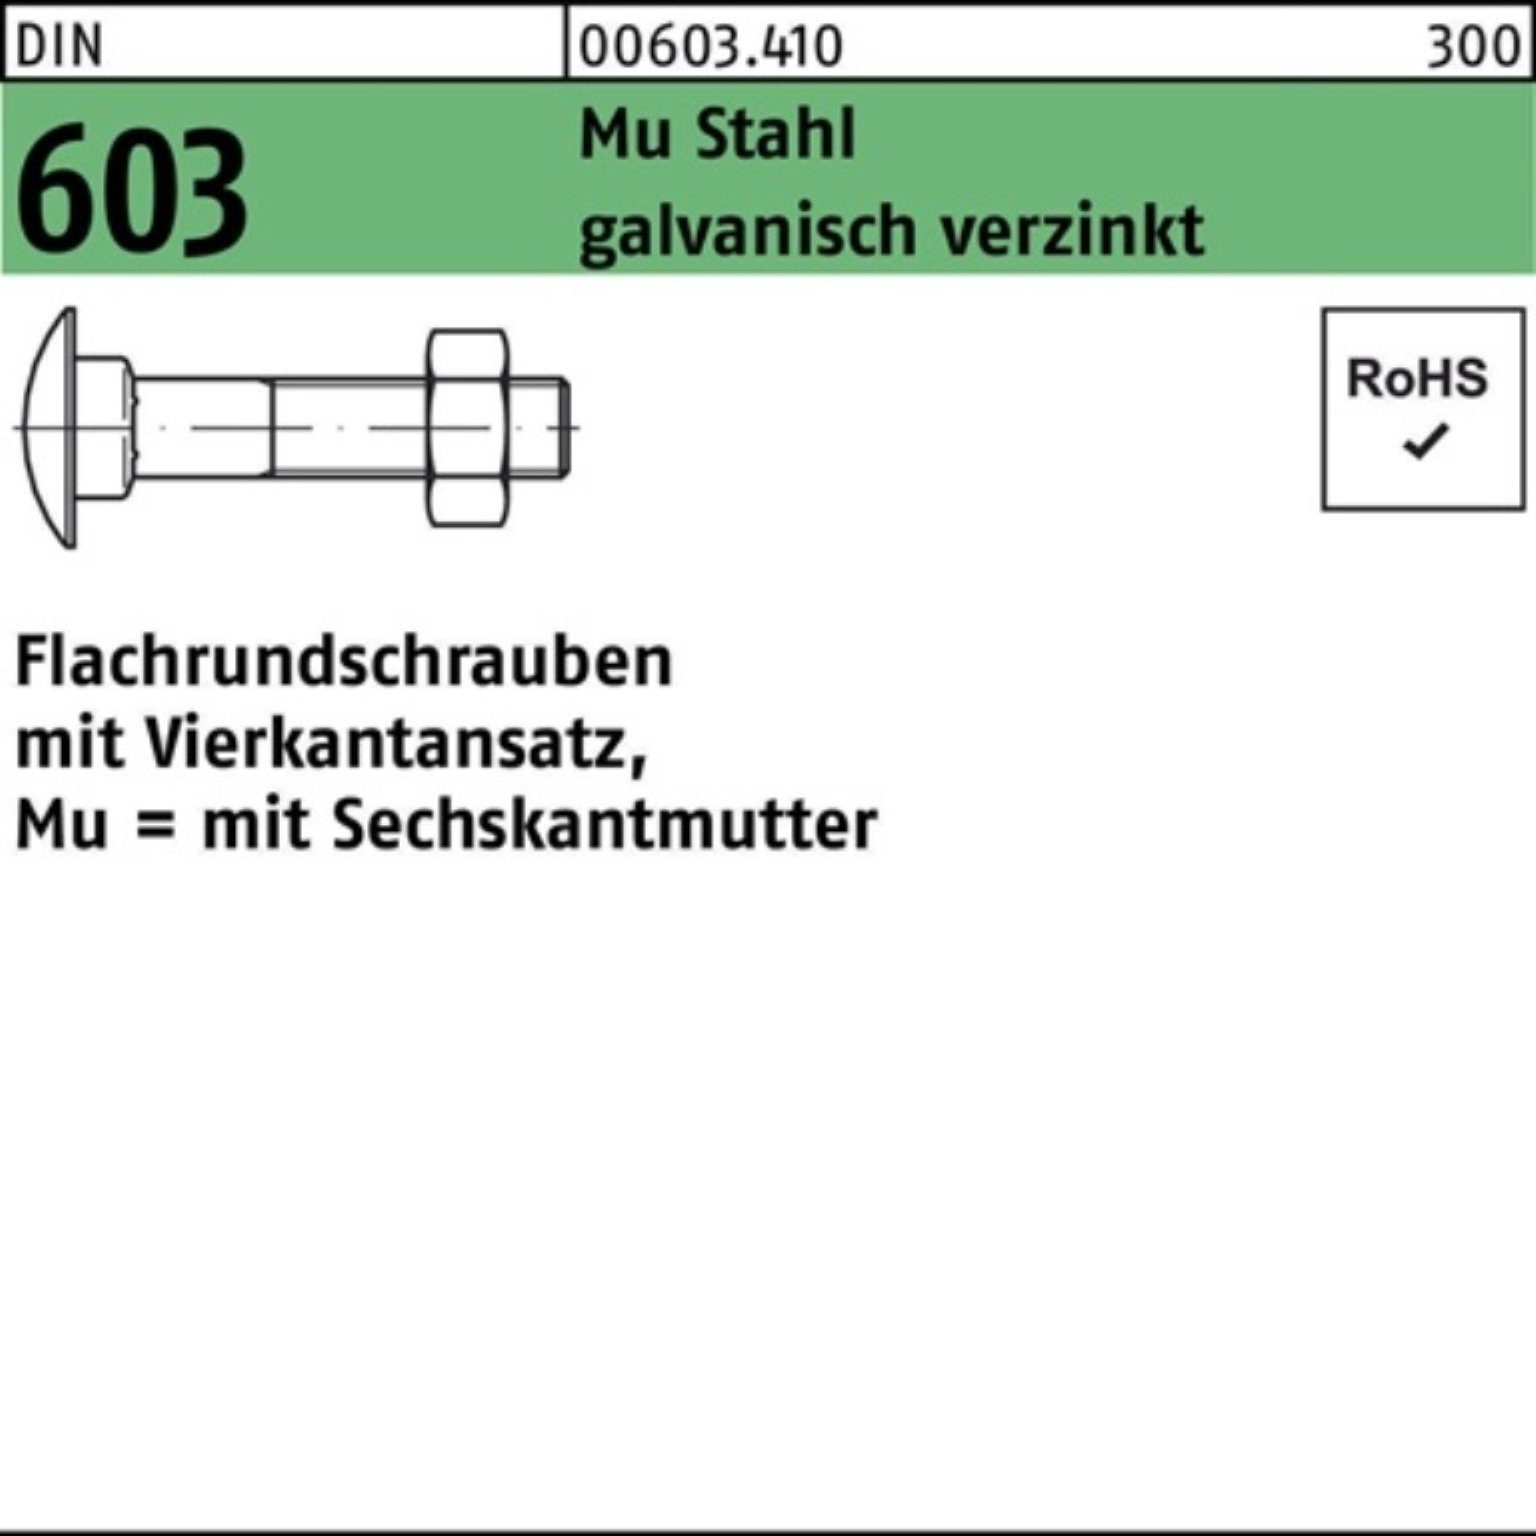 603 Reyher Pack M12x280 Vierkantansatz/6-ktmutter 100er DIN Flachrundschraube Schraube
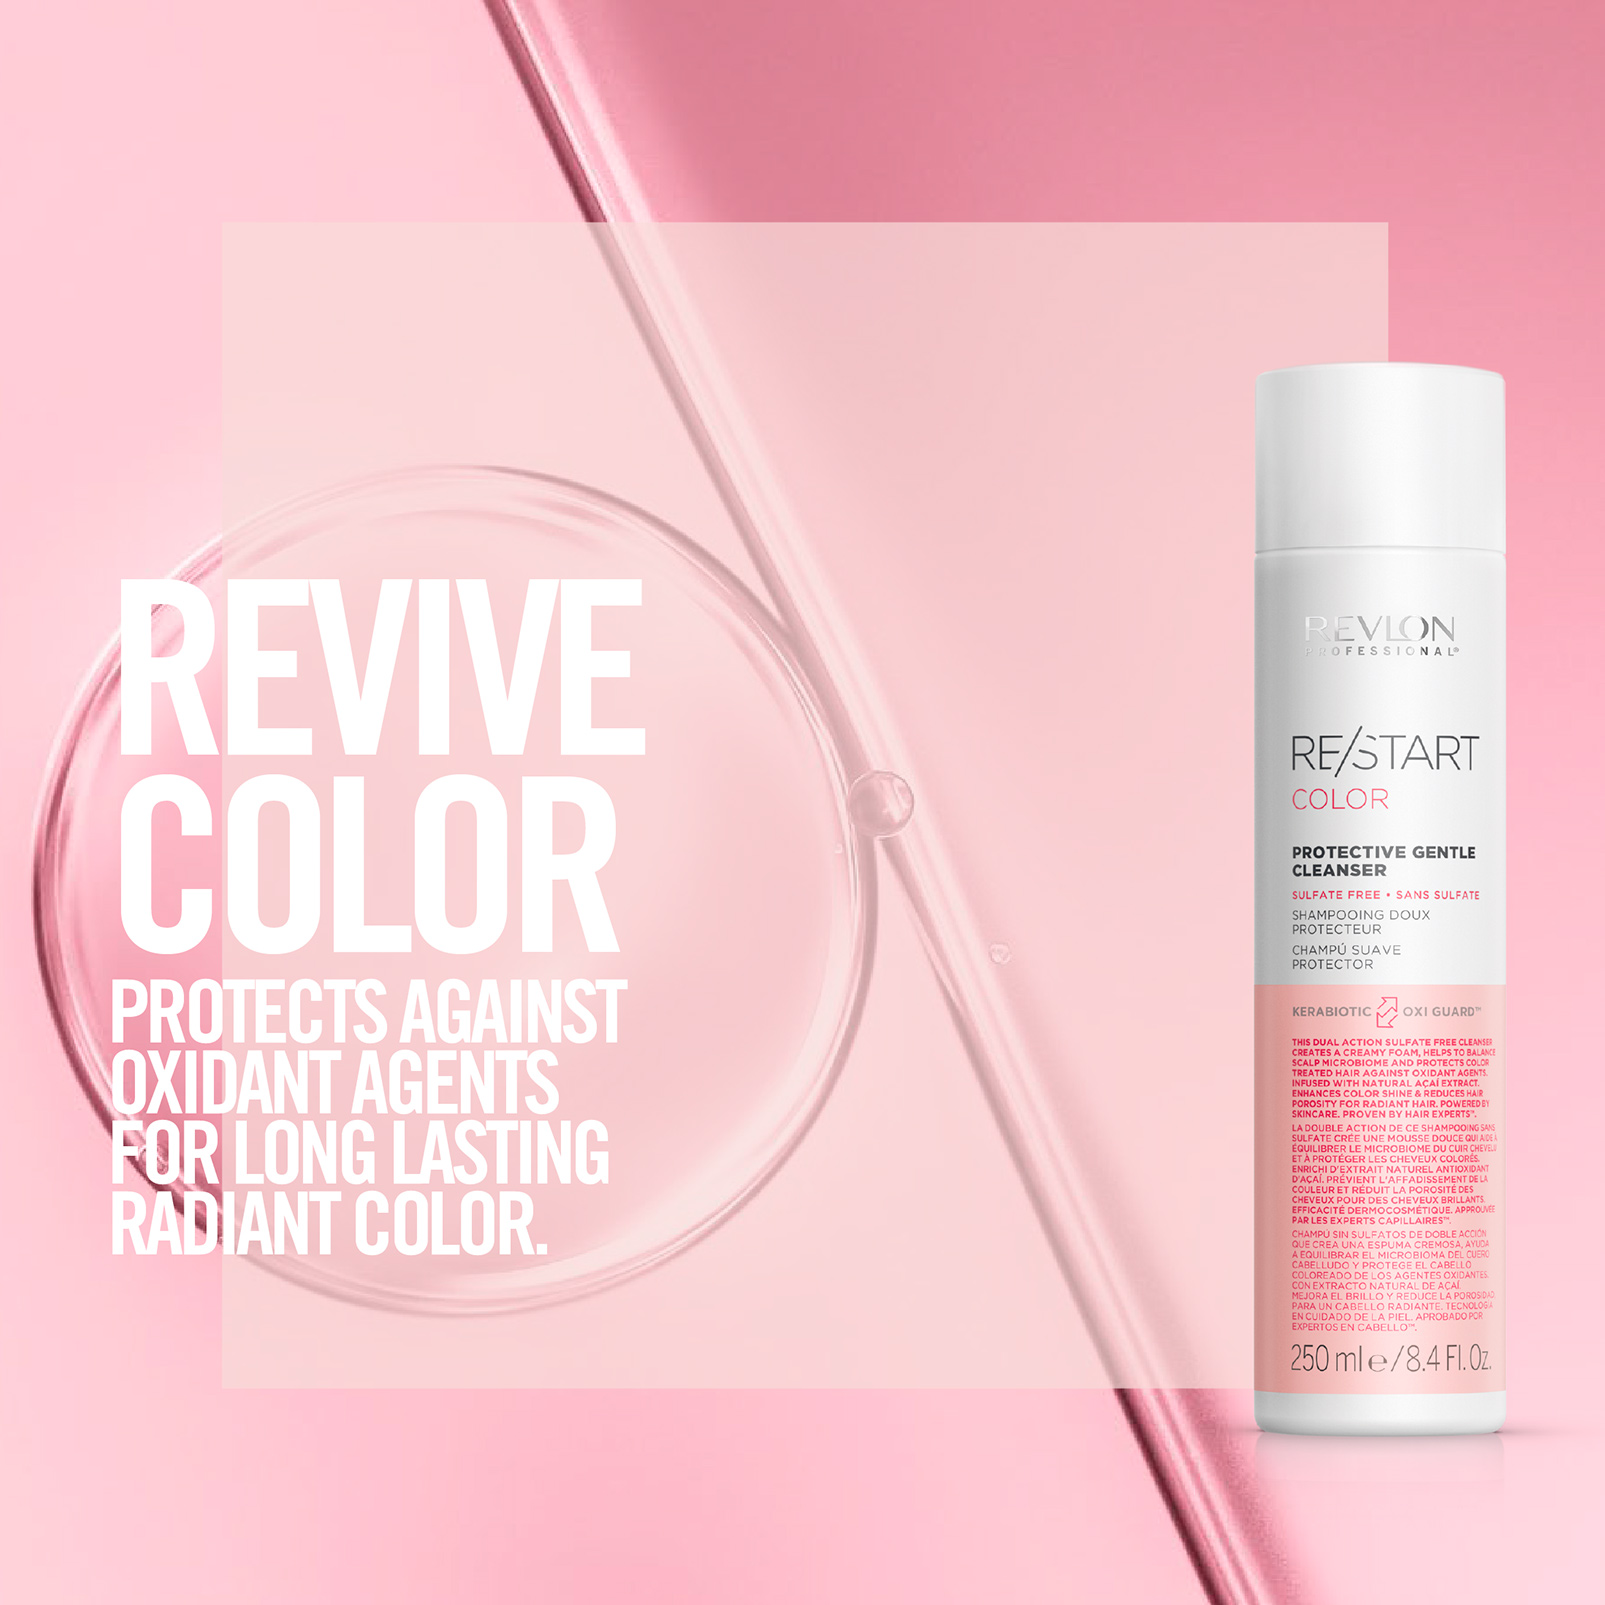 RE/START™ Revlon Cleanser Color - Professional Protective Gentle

------------------------------------

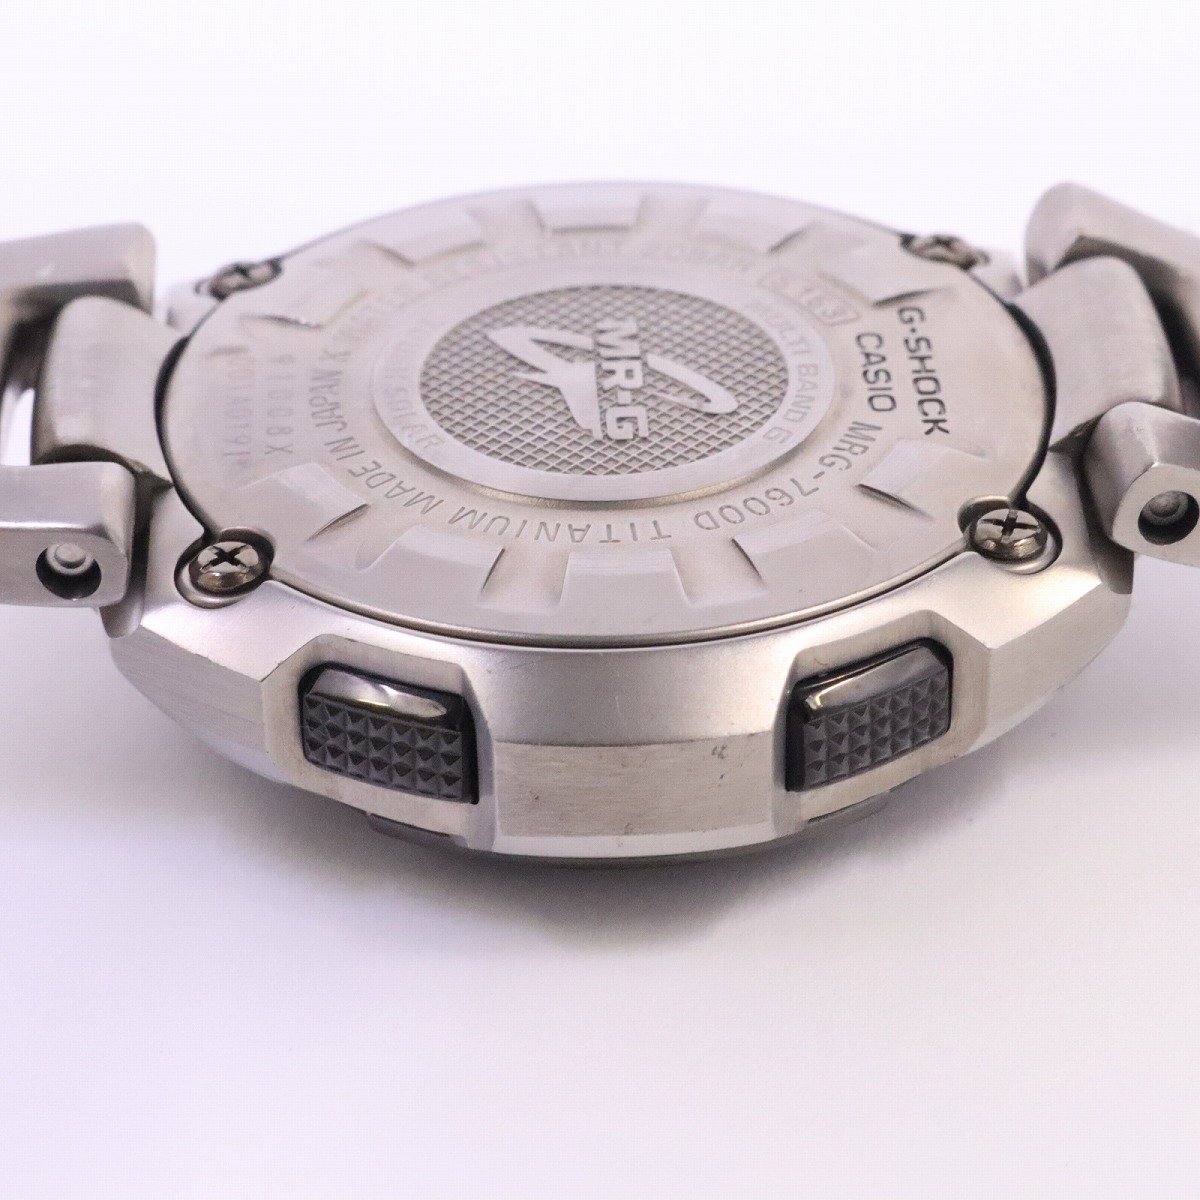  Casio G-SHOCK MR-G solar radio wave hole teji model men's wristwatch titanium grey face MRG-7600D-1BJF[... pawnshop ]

------------------------------------

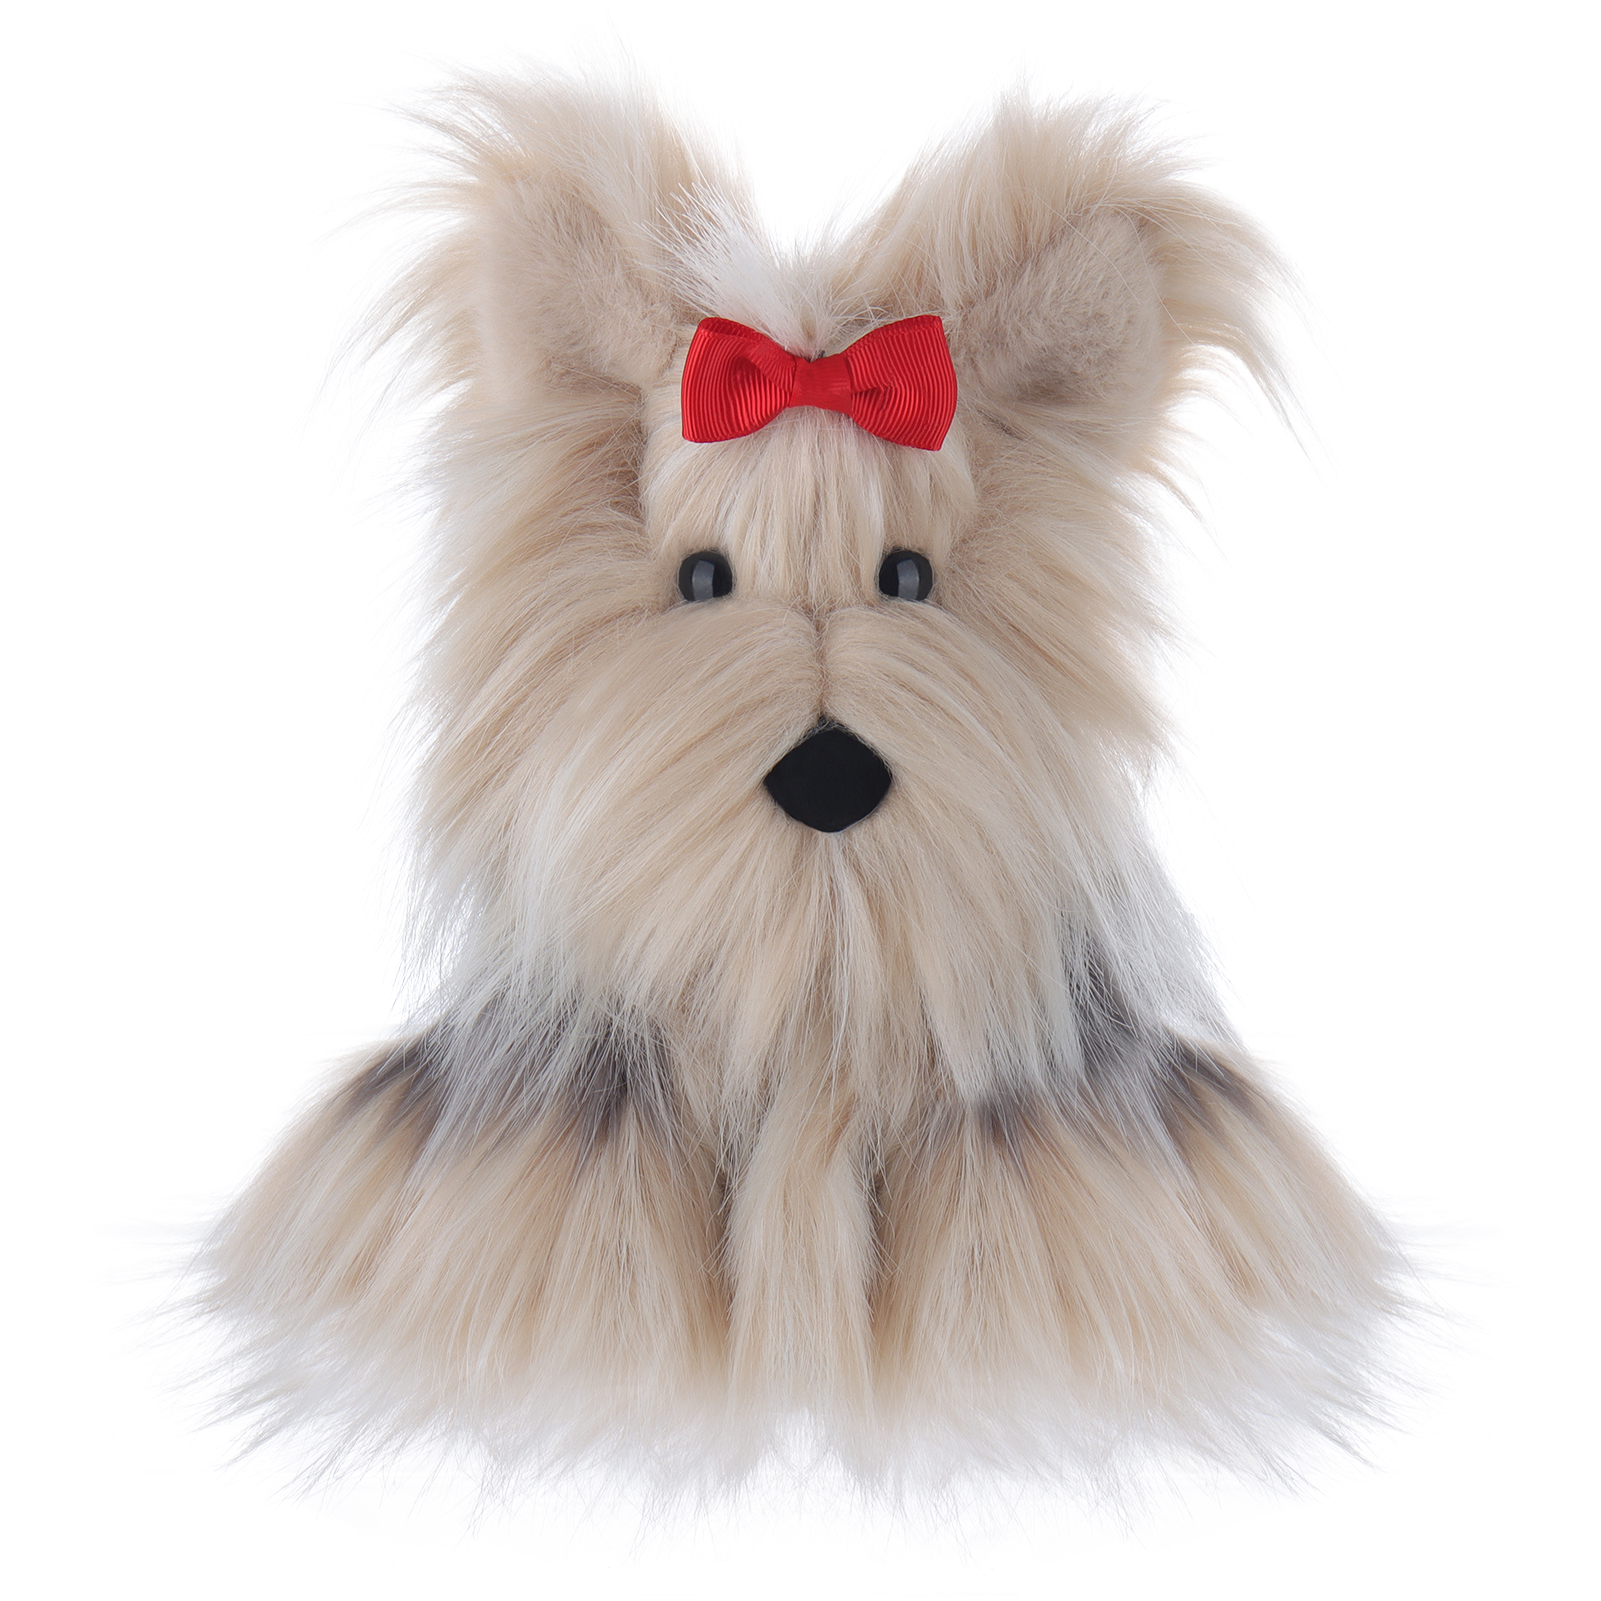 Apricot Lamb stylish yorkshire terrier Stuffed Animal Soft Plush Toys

------------------------------------

# [What is needed]
From the data above, return exactly the lines from the one with "603 Reyher Pack" up to and including the one with "RE/START™ Revlon Cleanser". Pictures do not go in the copy.

# [Worked solution]
 603 Reyher Pack M12x280 Vierkantansatz/6-ktmutter 100er DIN Flachrundschraube Schraube
 RE/START™ Revlon Cleanser Color - Professional Protective Gentle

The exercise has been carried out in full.